▸ **Given data**
....

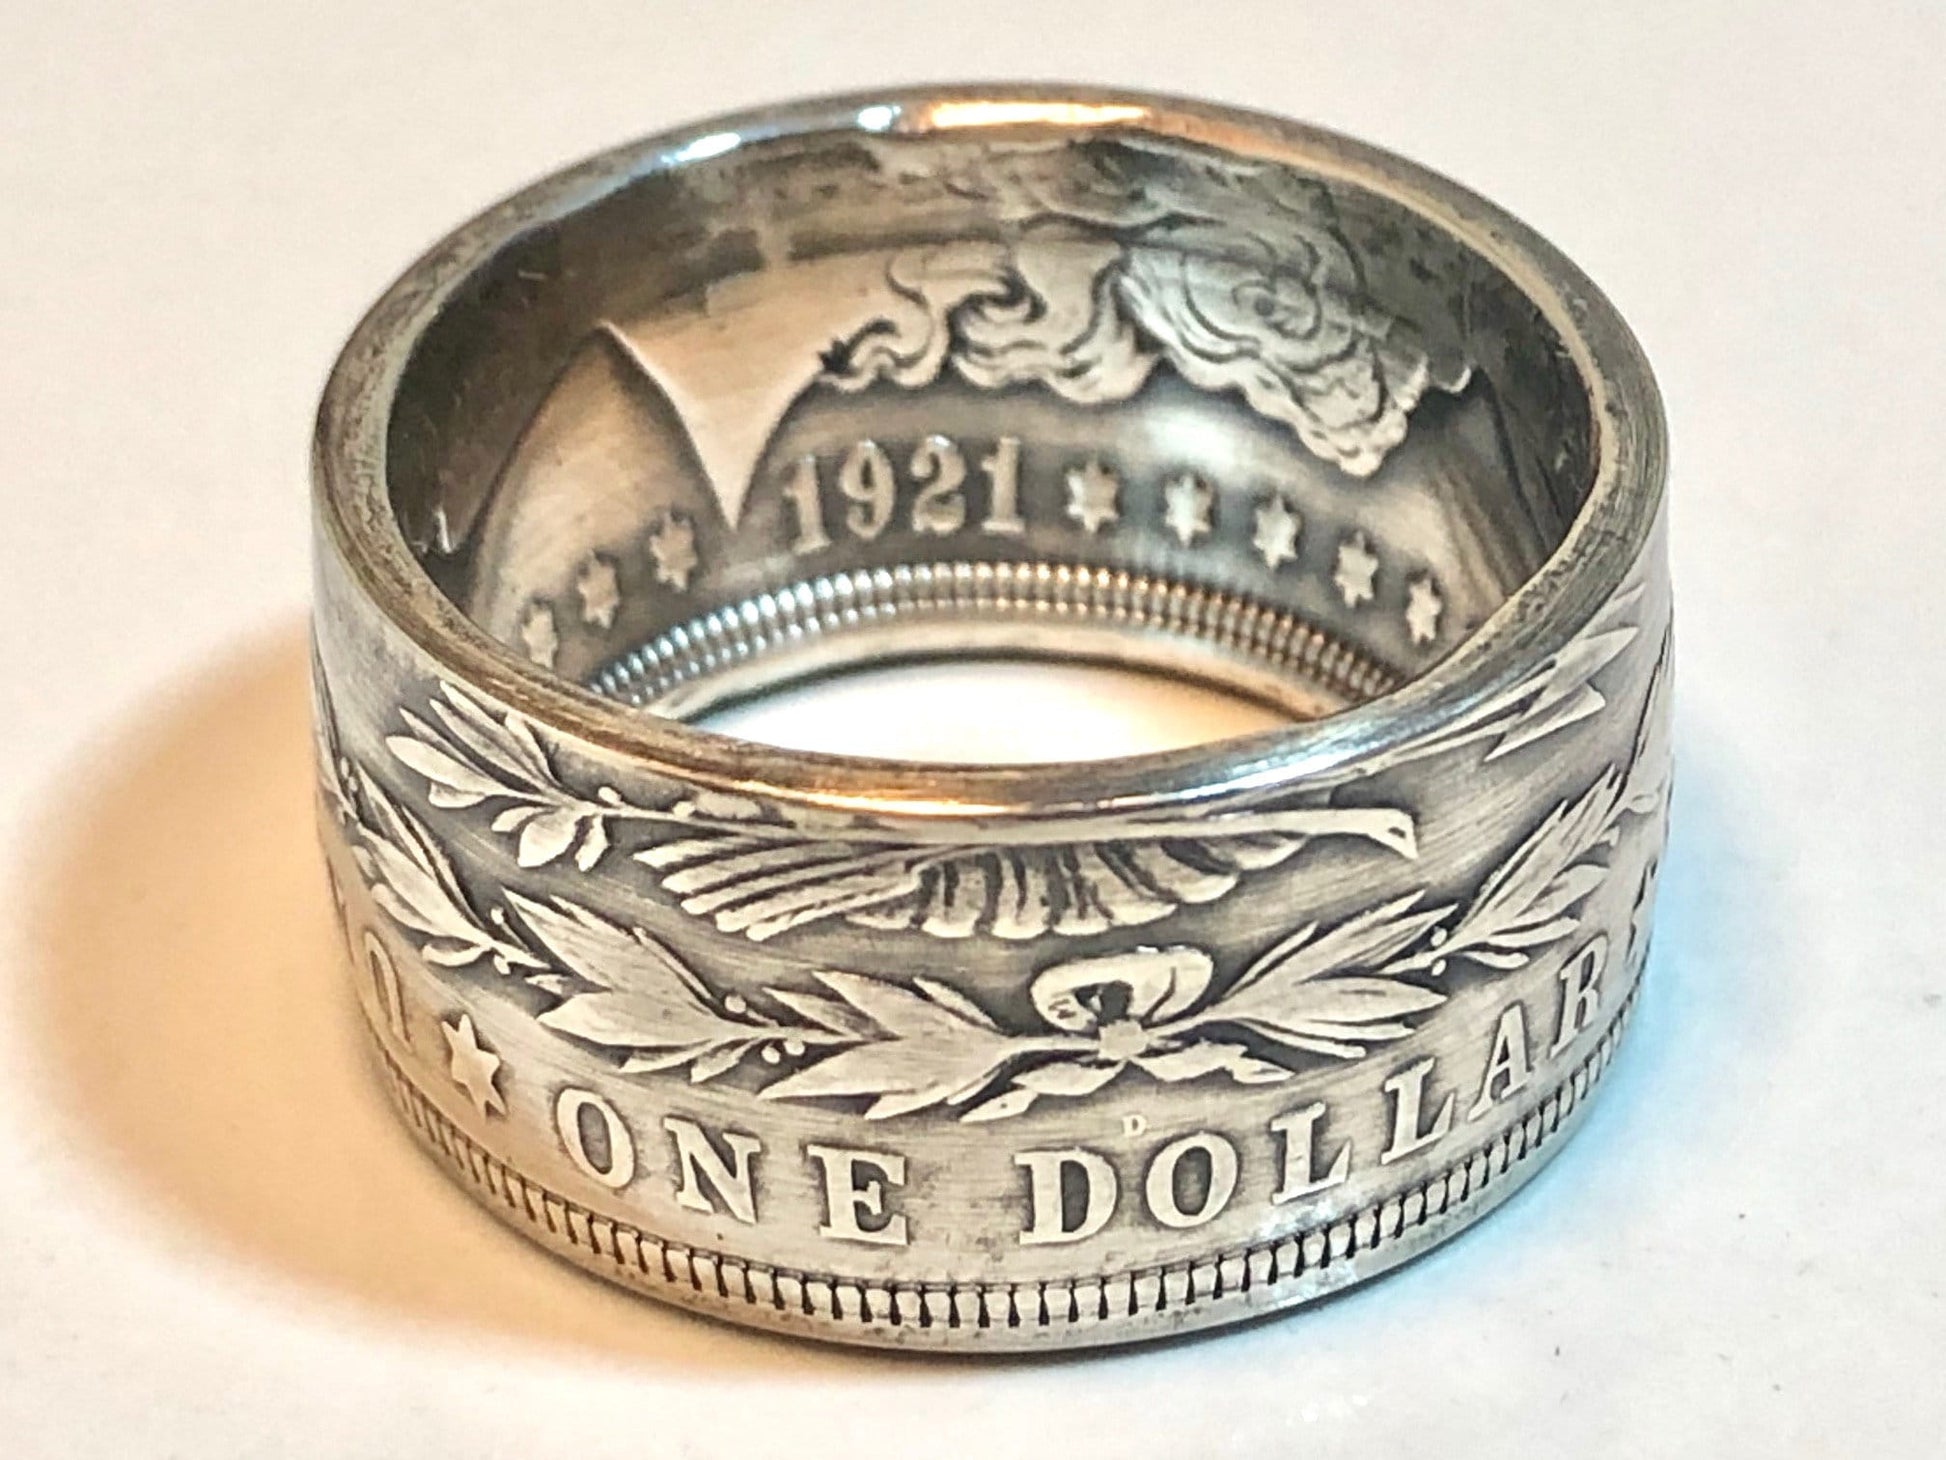 Morgan Dollar 1921 Ring Silver United States Coin Ring Personal Jewelry Ring Gift For Friend Coin Ring Gift For Him Her World Coin Collector
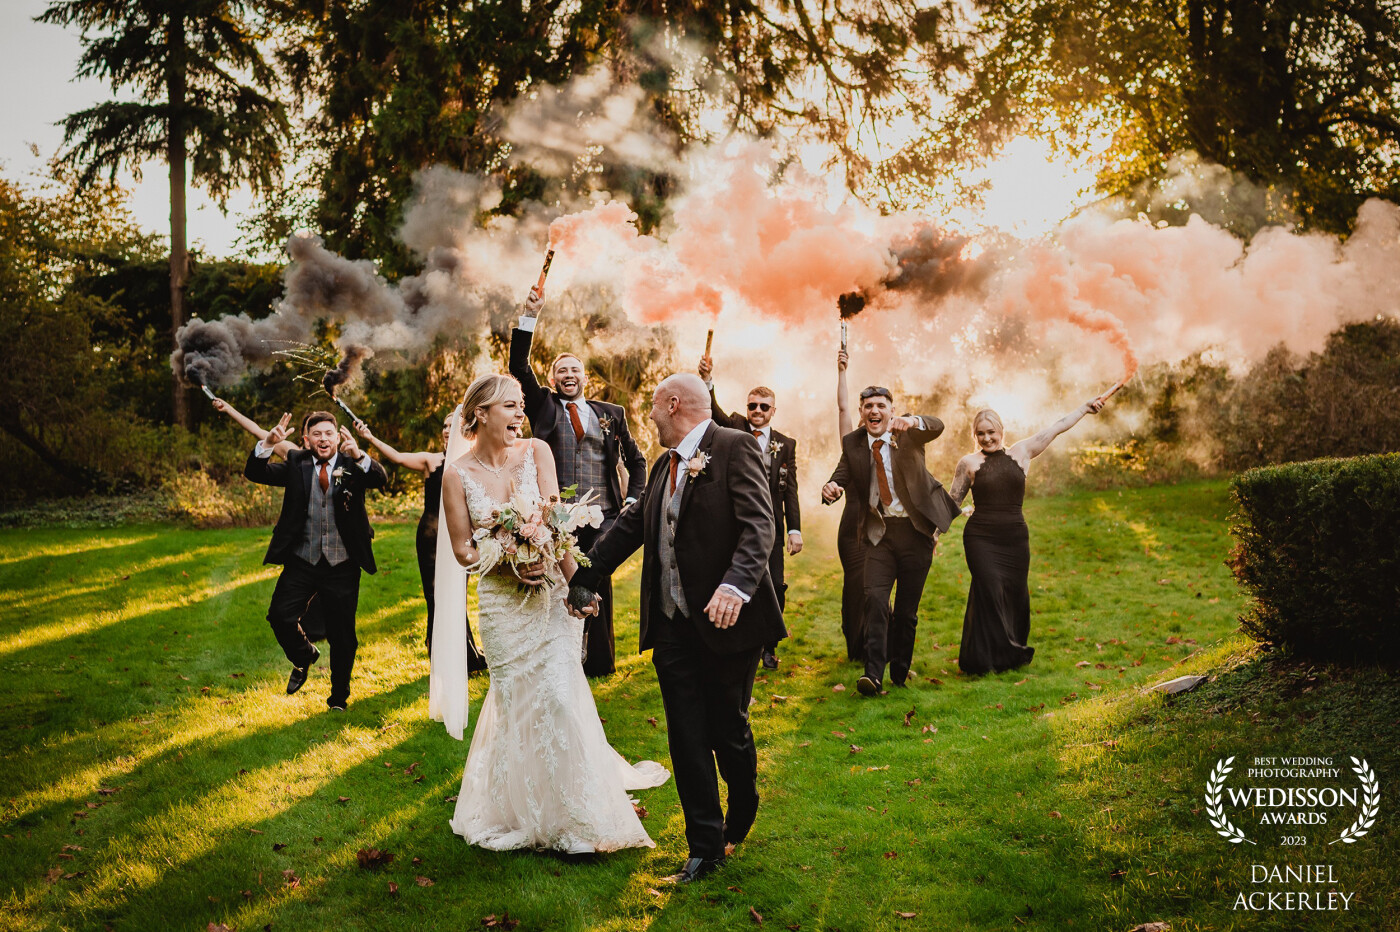 The golden hour hit just right as I was wrapping up my portrait session with Megan & Daniel, so their wedding party grabbed some smoke grenades and it made for a really fantastic back-lit scene!
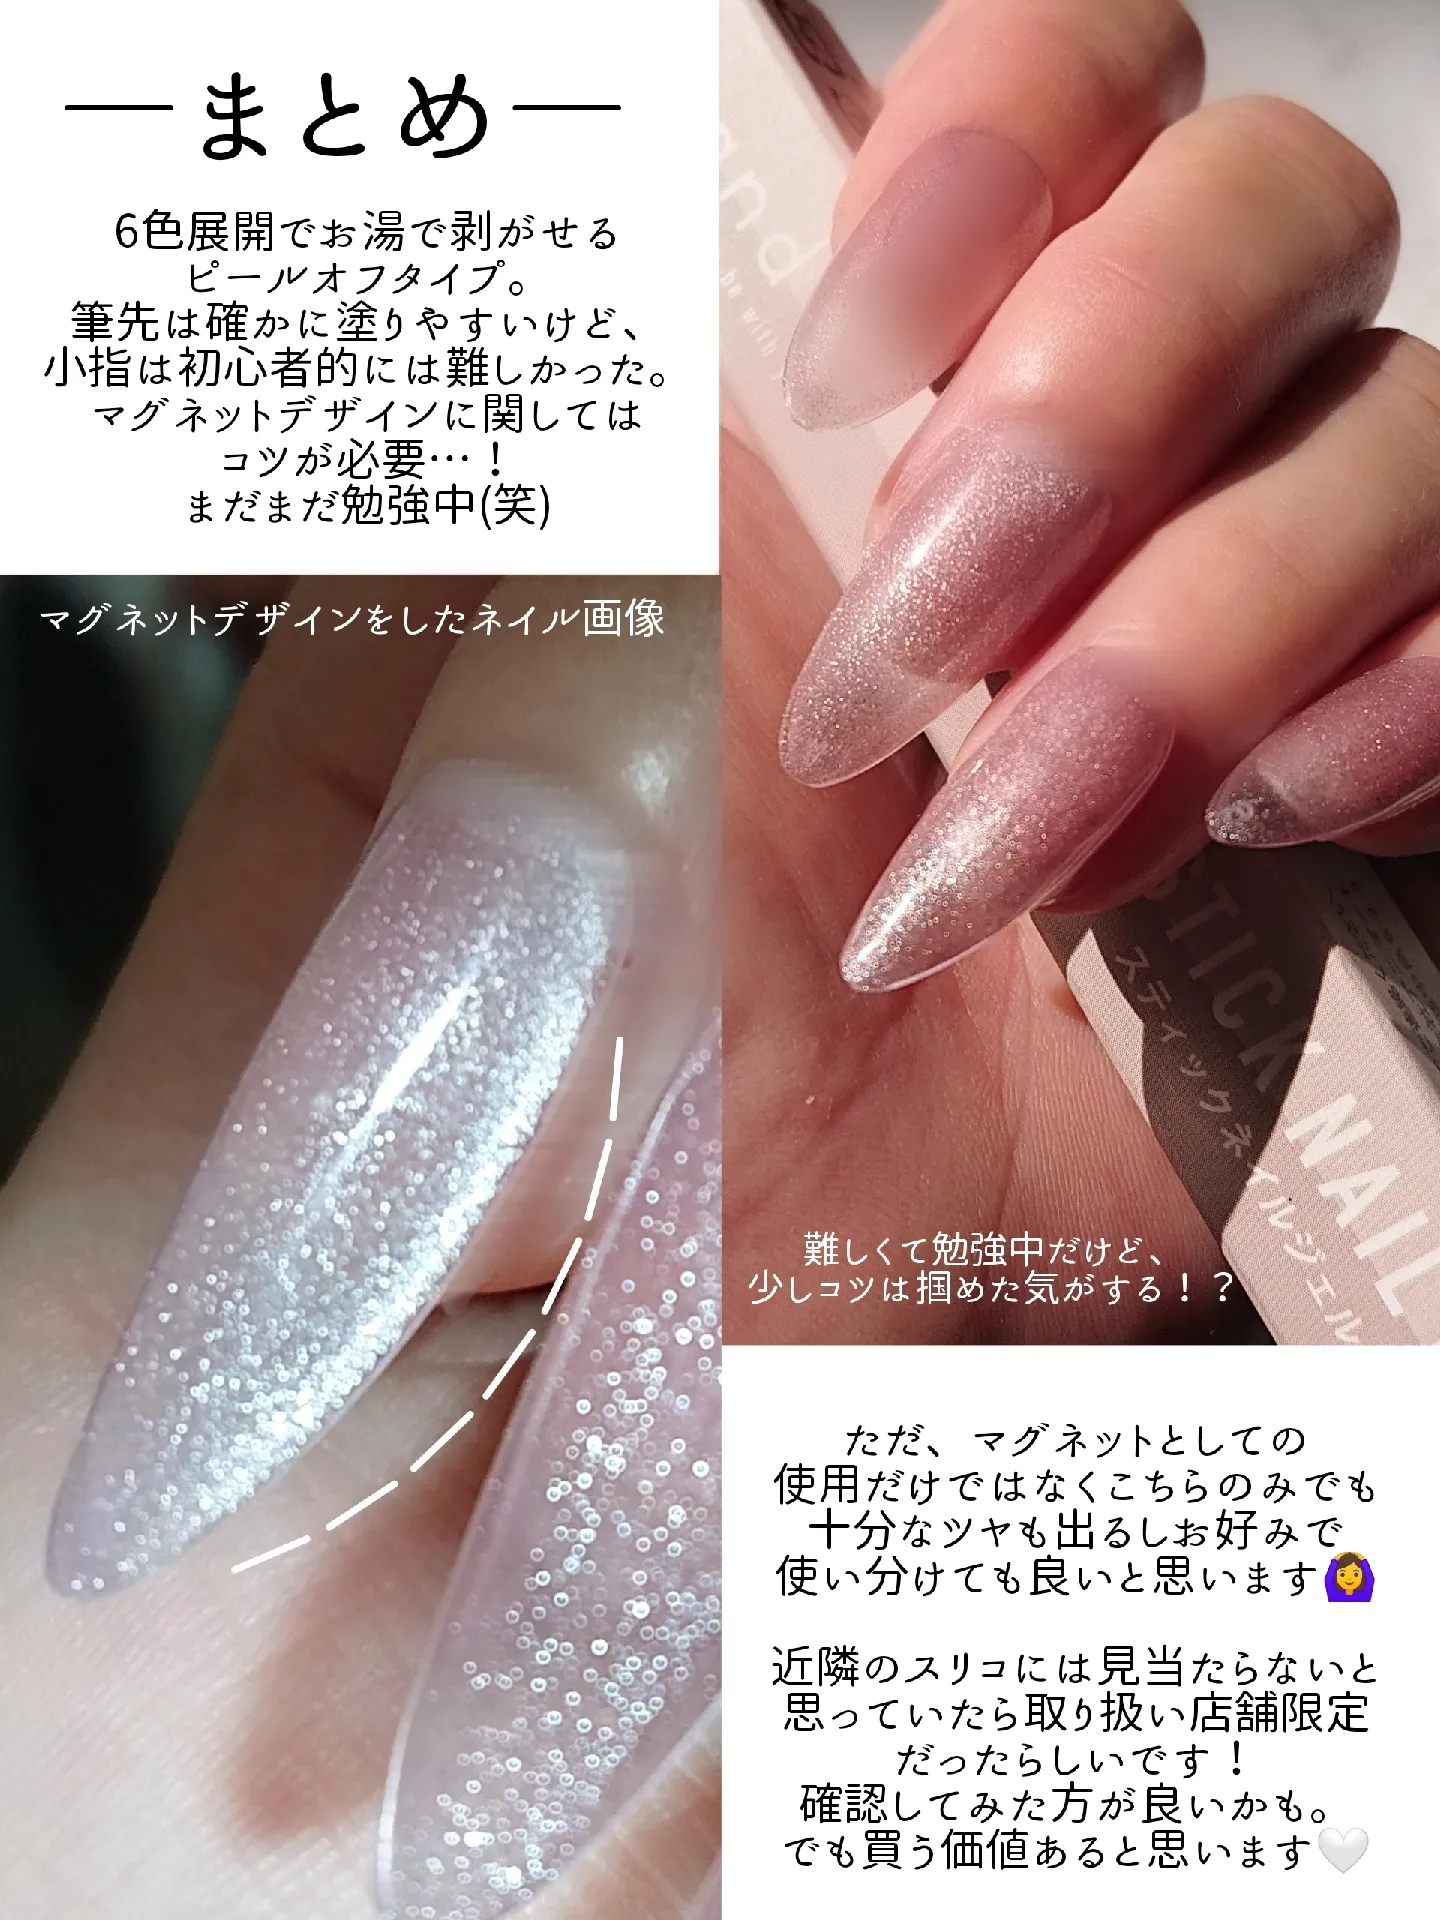 New nail of petit plastic world] Surico magnet nail💅 | Gallery
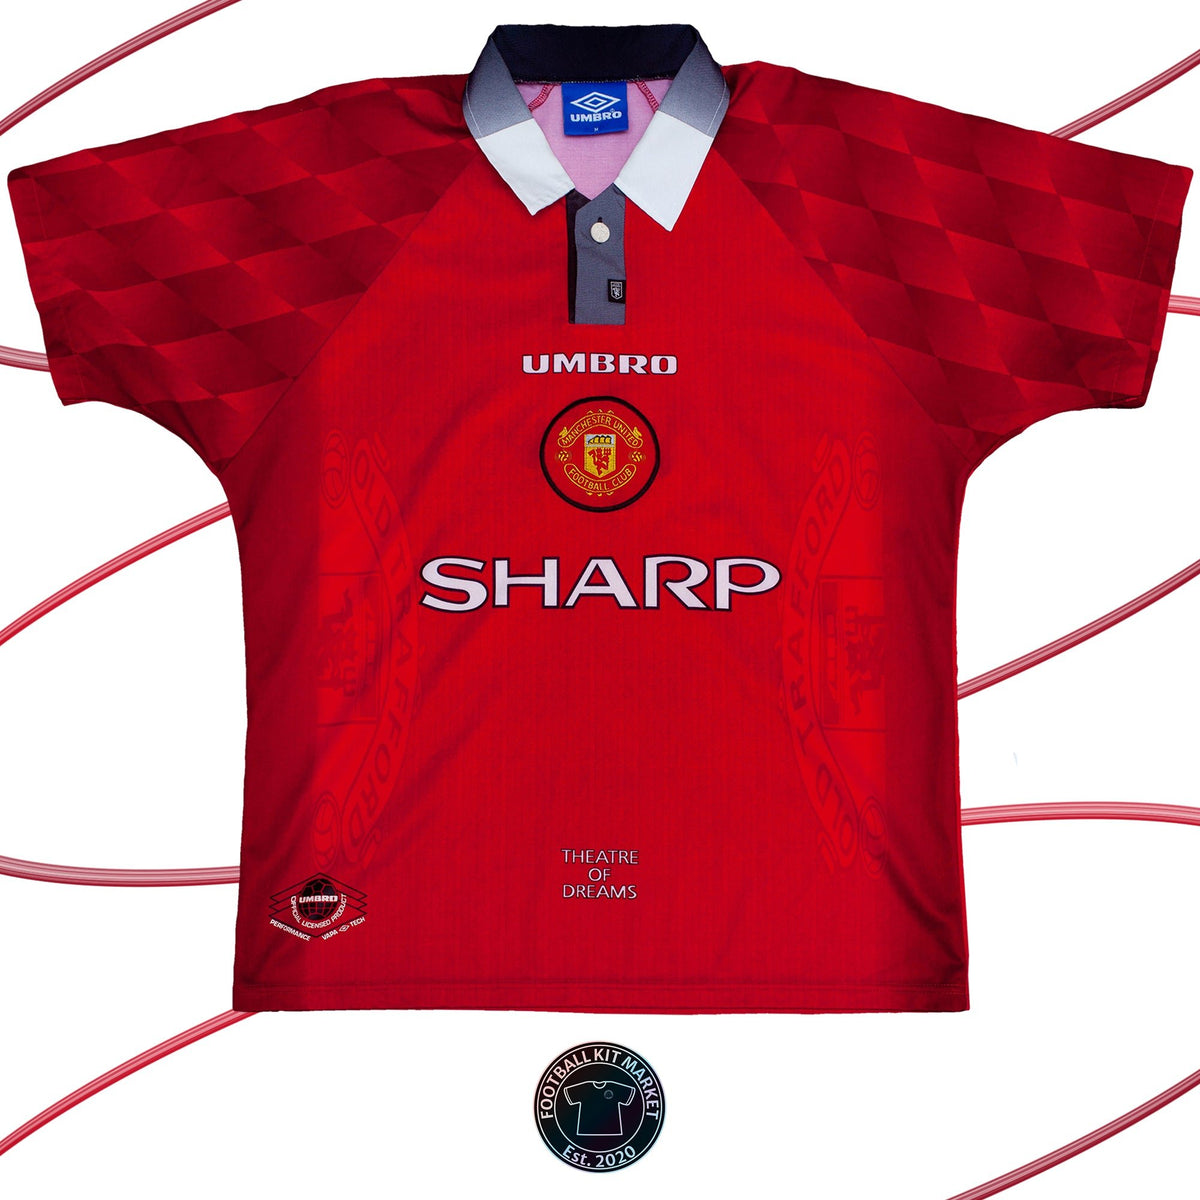 Genuine MANCHESTER UNITED Home Shirt (1996-1998) - UMBRO (M) - Product Image from Football Kit Market

....

▸ **What the task requires**
Your copy should run from the line that has "The golden hour" through the last line above, exactly, with both ends in and pictures out.

▸ **Your response**
 The golden hour hit just right as I was wrapping up my portrait session with Megan & Daniel, so their wedding party grabbed some smoke grenades and it made for a really fantastic back-lit scene!
 New nail of petit plastic world] Surico magnet nail💅 | Gallery
 Genuine MANCHESTER UNITED Home Shirt (1996-1998) - UMBRO (M) - Product Image from Football Kit Market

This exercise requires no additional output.